Figure S1. MCMC Traceplots for key model parameters.
The traceplots demonstrate the sampling behavior of the four independent Markov Chain Monte Carlo (MCMC) chains (represented by different colors) over 2000 post-warmup iterations. For all key parameters, including the fixed effects (b_Intercept, b_mean_sst, b_rok_num) and distributional parameters (shape, zi), the chains are stationary, well-mixed, and tightly overlapping. There are no visible divergent transitions or flatlining, which visually confirms excellent convergence of the sampling algorithm to the target posterior distribution.
Show the code
mcmc_rank_overlay(posterior, pars = parameters) +labs(title ="Rank histograms", subtitle ="Modern check for chain mixing") +theme_minimal()

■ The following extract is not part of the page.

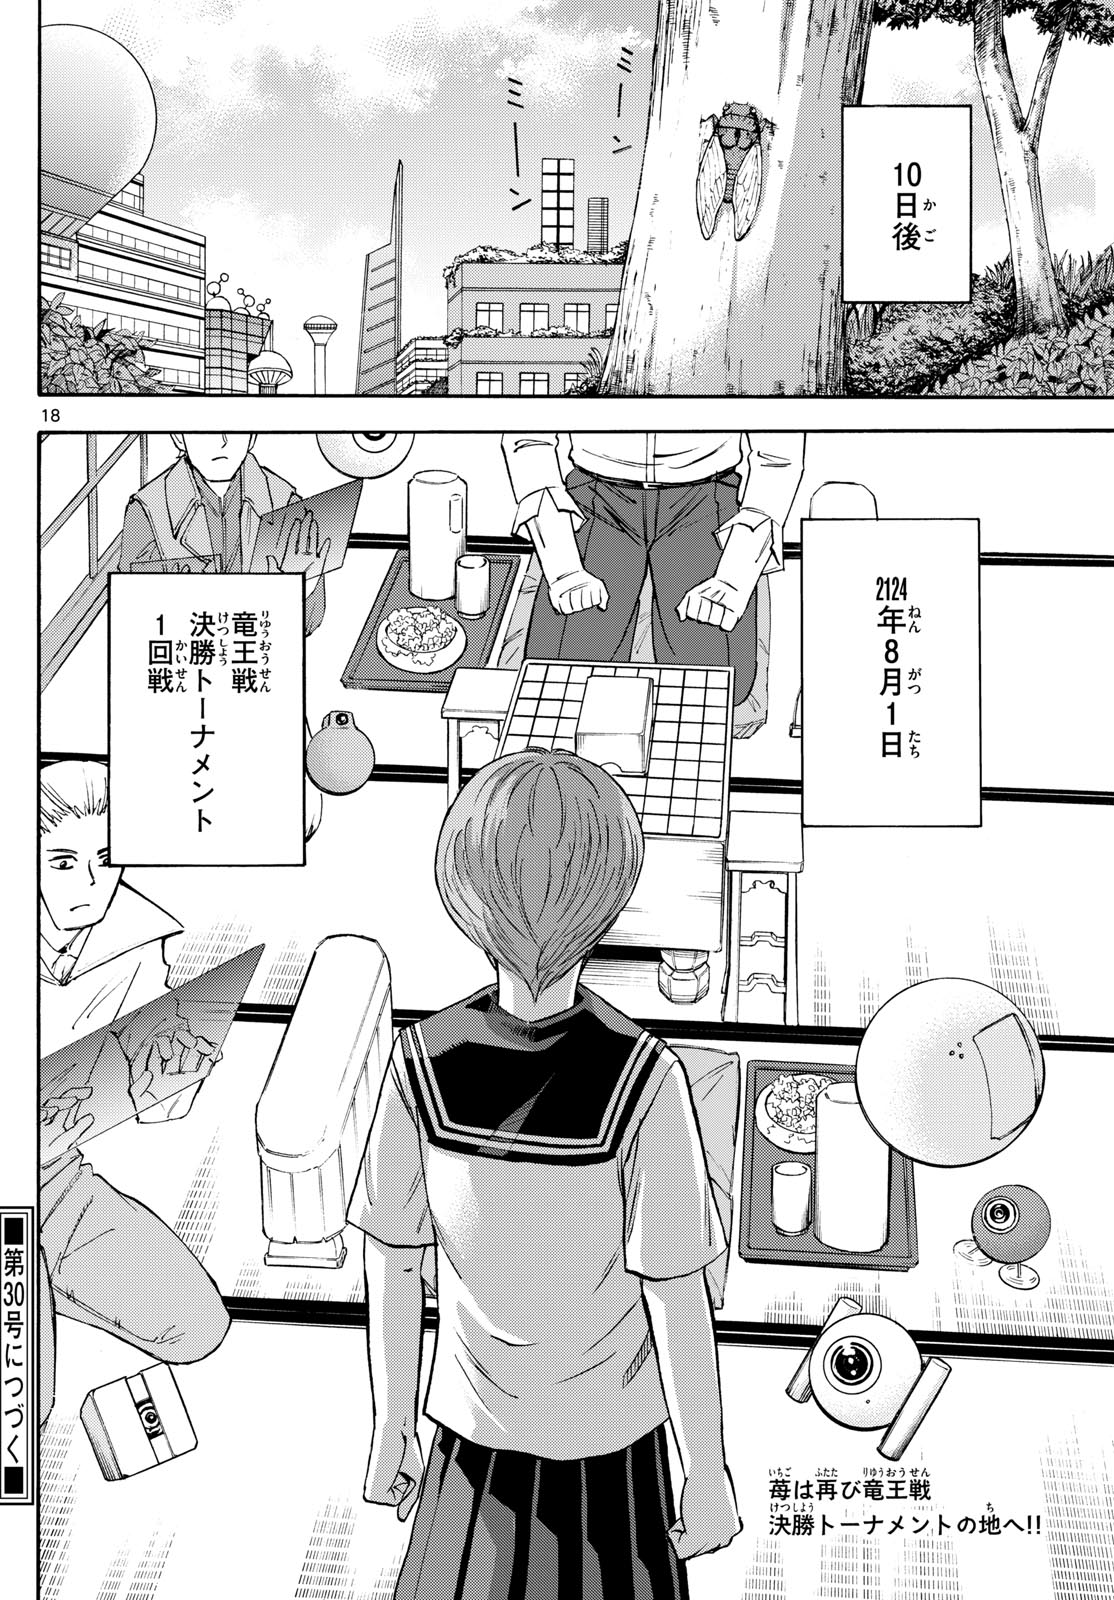 Tatsu to Ichigo - Chapter 195 - Page 18
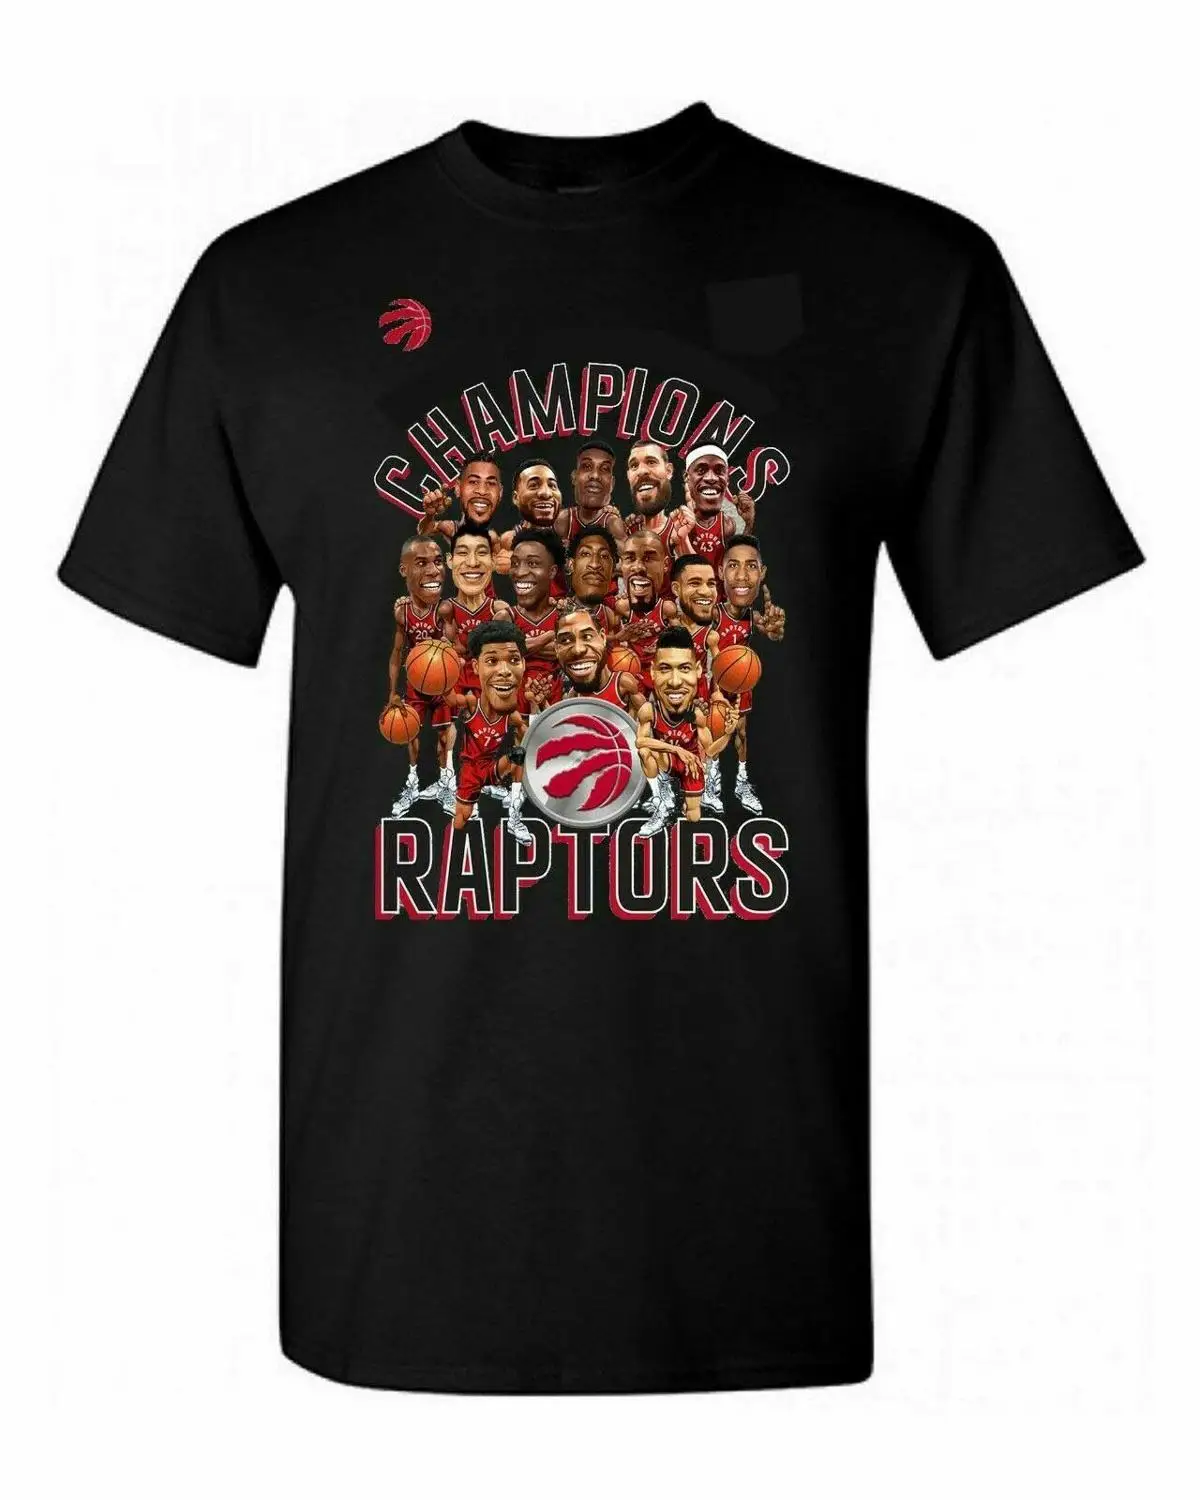 Футболка Toronto Raptors FINALS THE CHAMPIONS SQUAD-футболка, размер S-3XL, полный цвет, высокое качество, новинка, брендовая мужская футболка

Figure S2. Rank overlay histograms for chain mixing.
Rank histograms provide a modern diagnostic for assessing MCMC chain convergence. The plot shows the distribution of ranked posterior draws across the four chains. For all evaluated parameters, the rank distributions are approximately uniform, and the chains overlap almost perfectly without any single chain dominating specific rank percentiles. This provides strong evidence that all chains have explored the same parameter space efficiently and achieved proper mixing.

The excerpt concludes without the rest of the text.